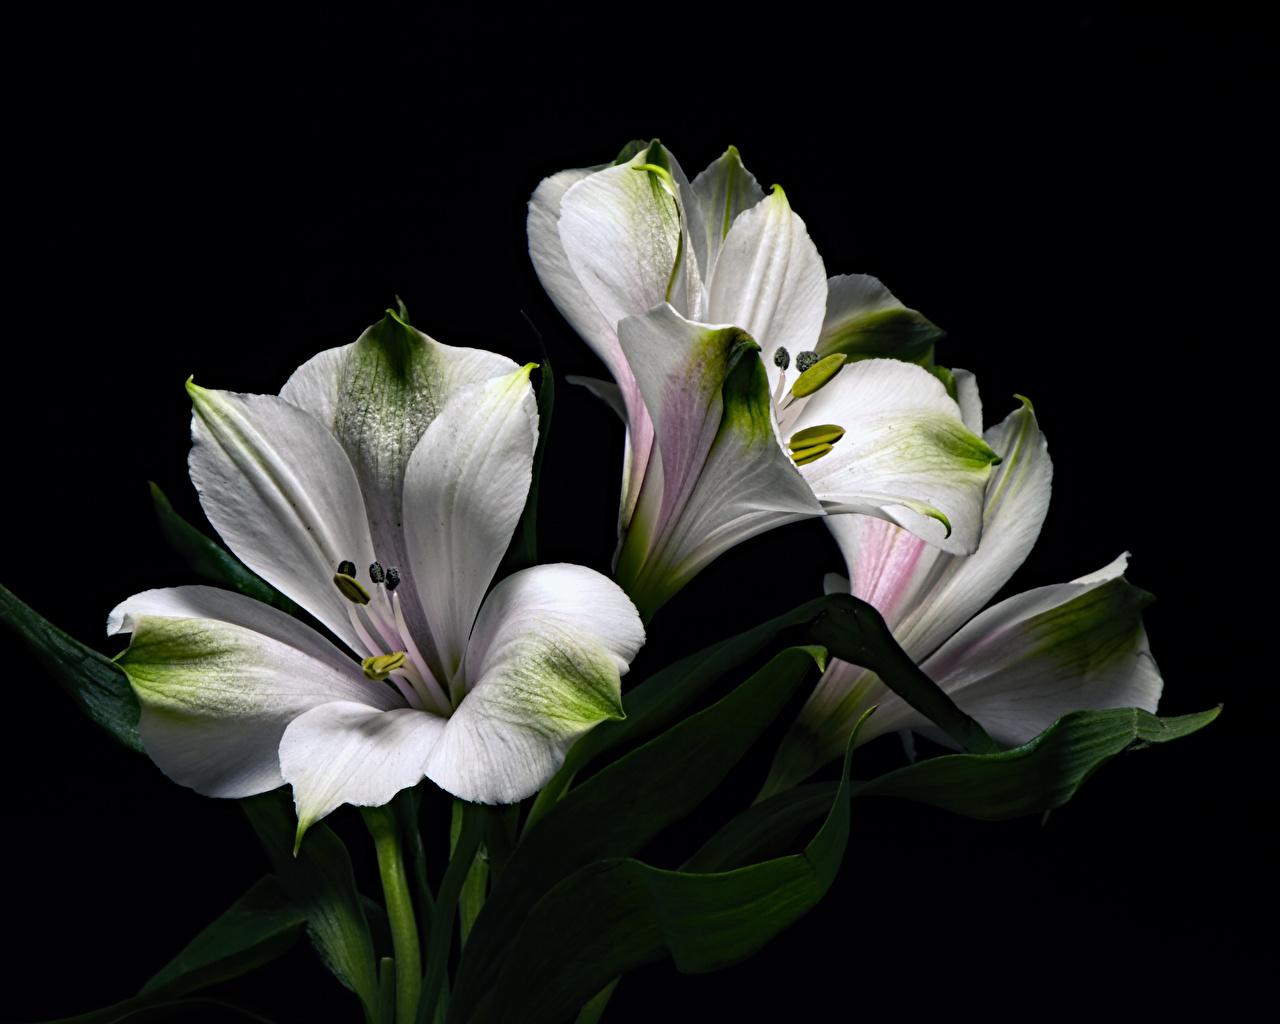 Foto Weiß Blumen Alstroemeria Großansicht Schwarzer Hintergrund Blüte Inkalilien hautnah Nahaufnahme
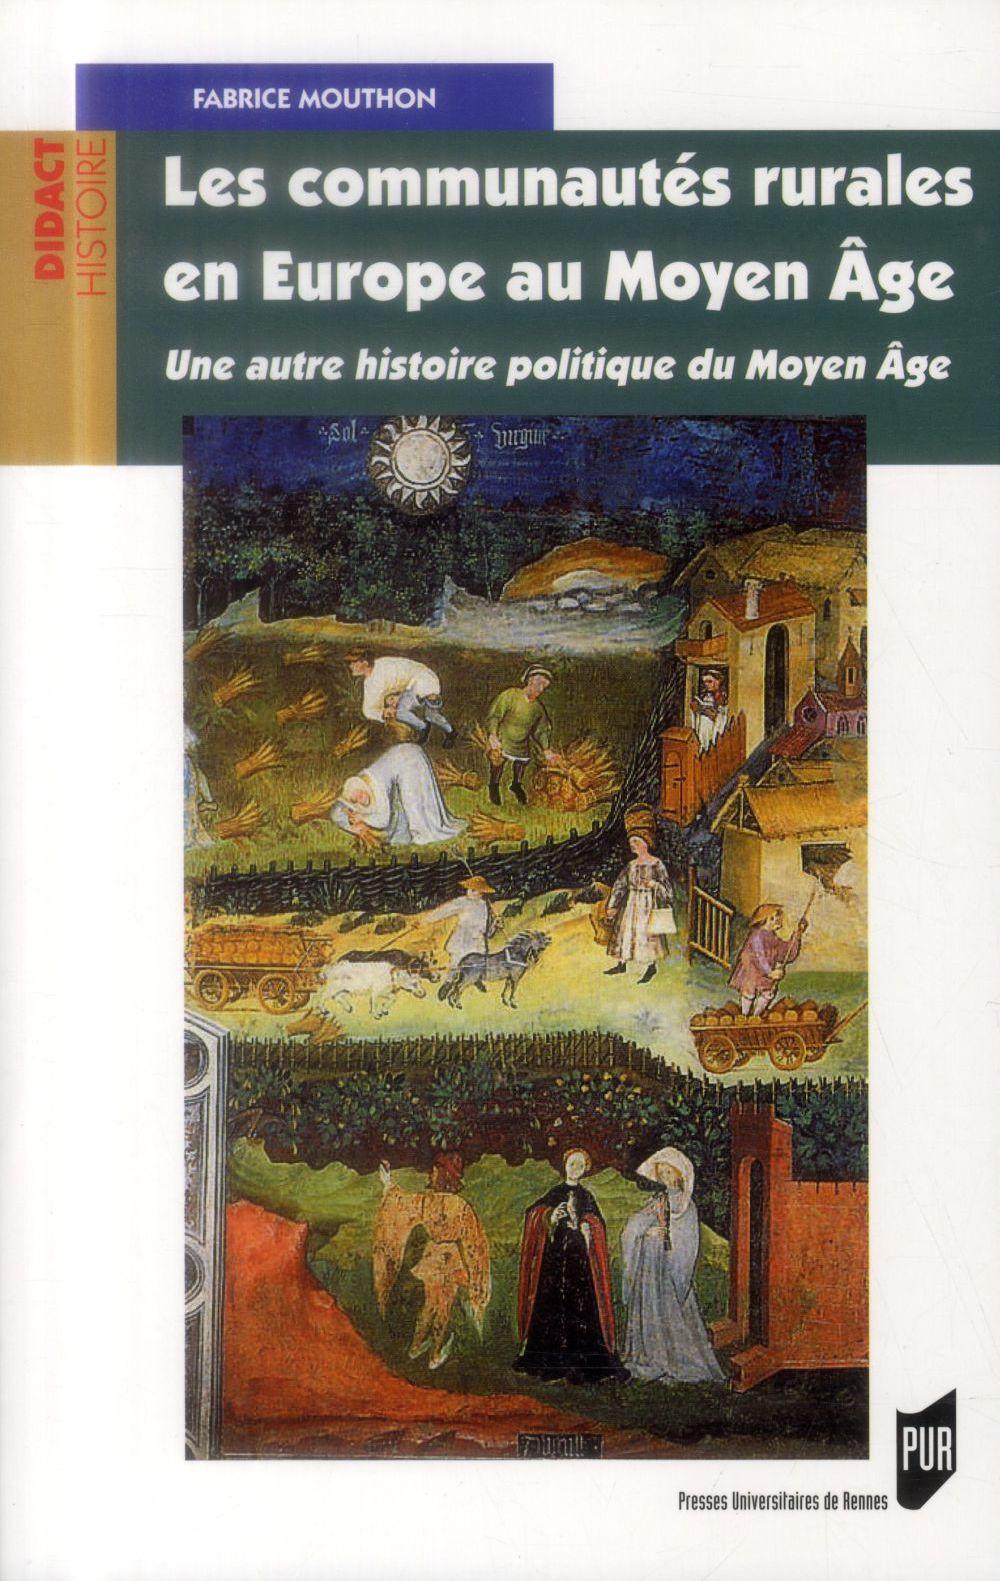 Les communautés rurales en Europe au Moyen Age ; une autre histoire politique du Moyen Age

* * *

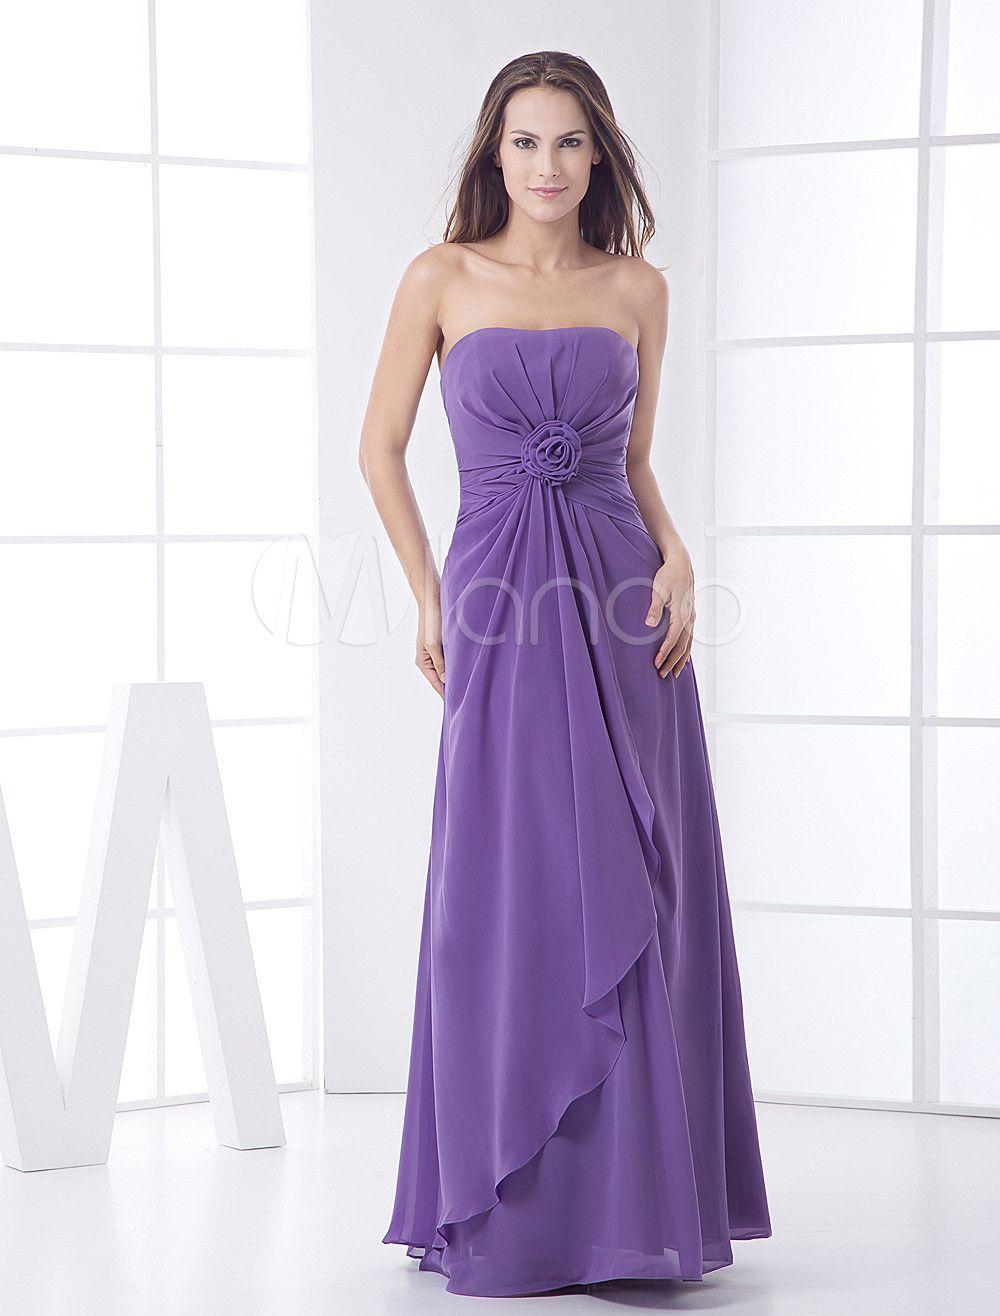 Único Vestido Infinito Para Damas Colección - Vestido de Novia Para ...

==

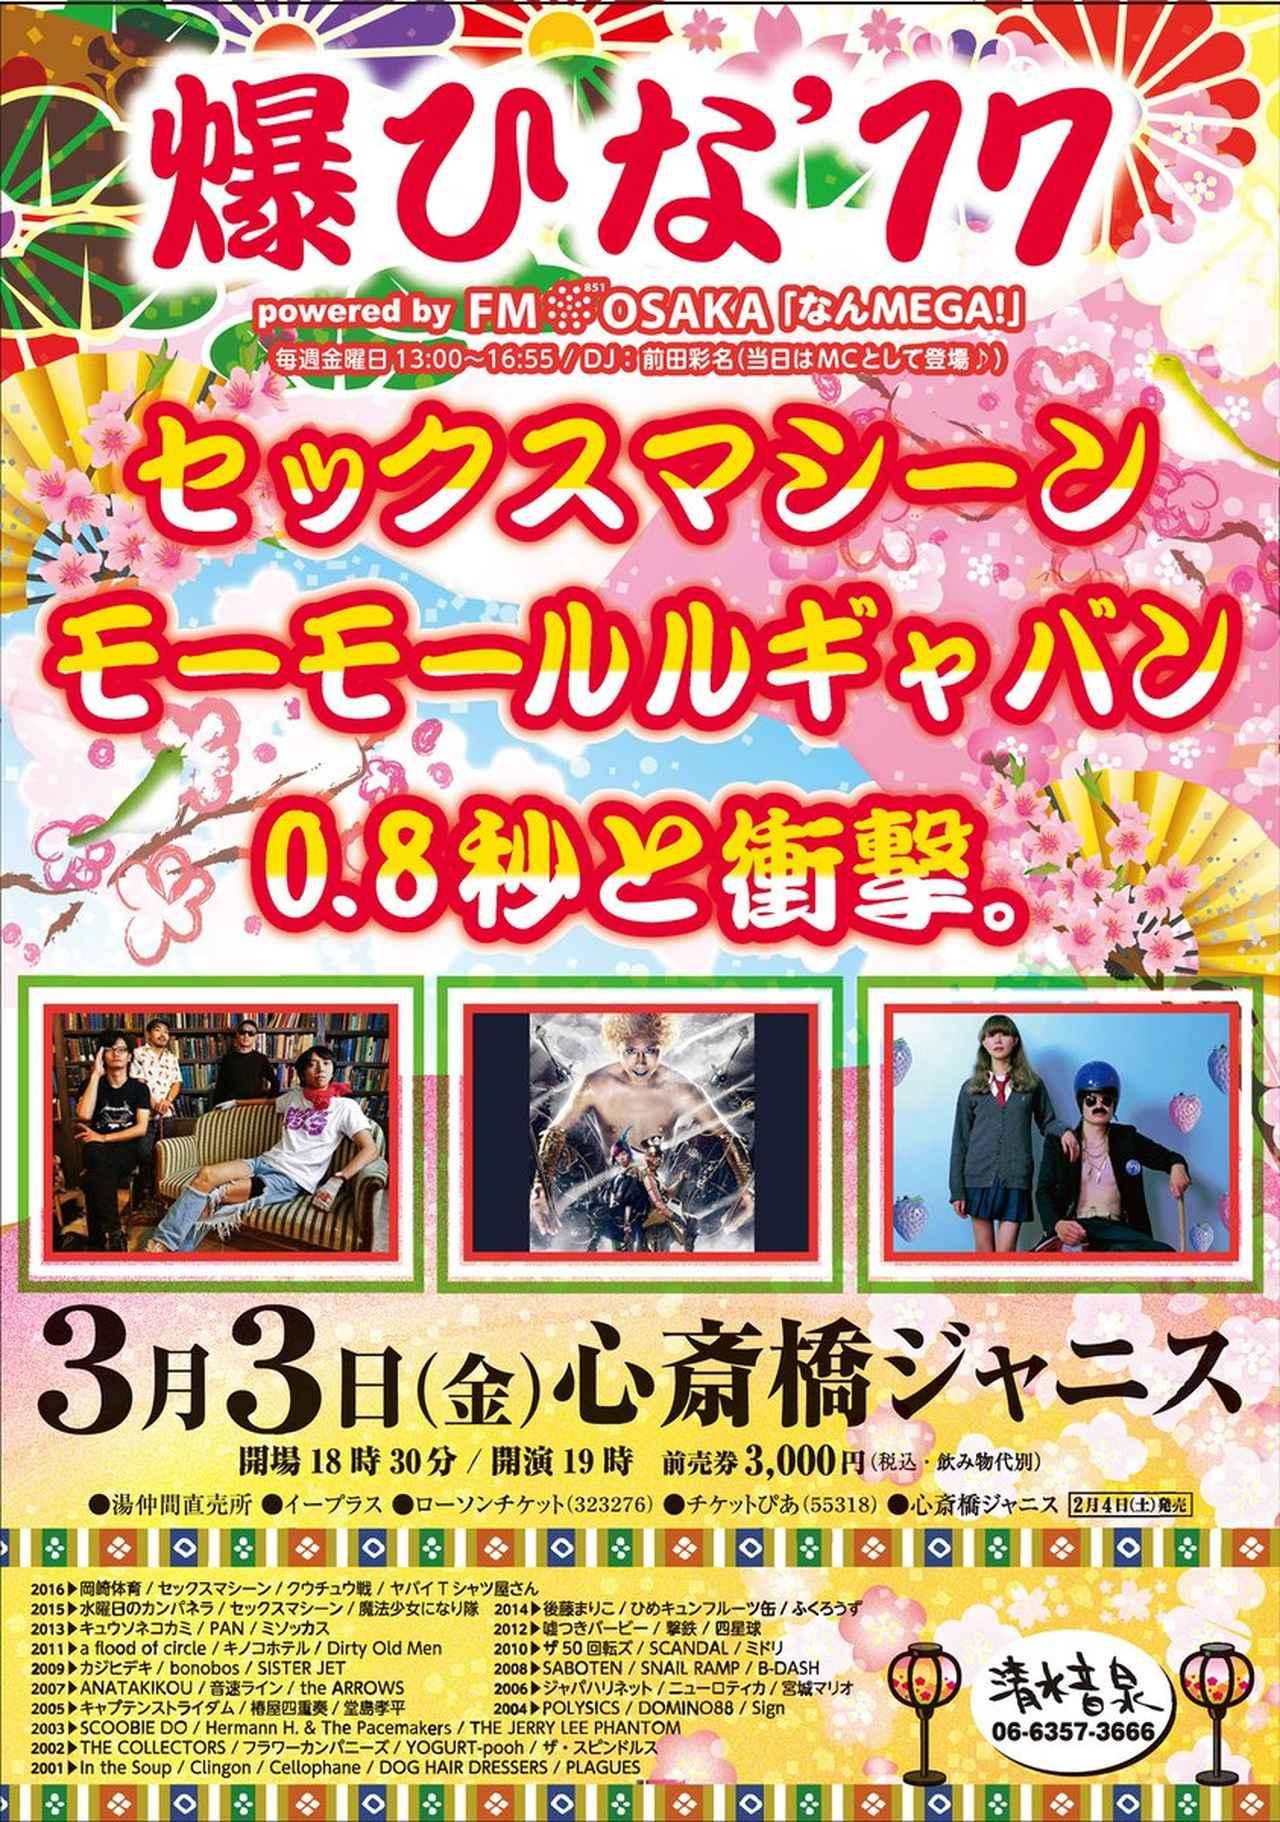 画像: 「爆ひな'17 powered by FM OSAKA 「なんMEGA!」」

*Exercise*: From the listing above, repeat only the lines between the line containing "Foto Weiß Blumen" and the line containing "Les communautés rurales", those two included. Pictures are not part of the copy.

*Exercise solution*:
 Foto Weiß Blumen Alstroemeria Großansicht Schwarzer Hintergrund Blüte Inkalilien hautnah Nahaufnahme
 Les communautés rurales en Europe au Moyen Age ; une autre histoire politique du Moyen Age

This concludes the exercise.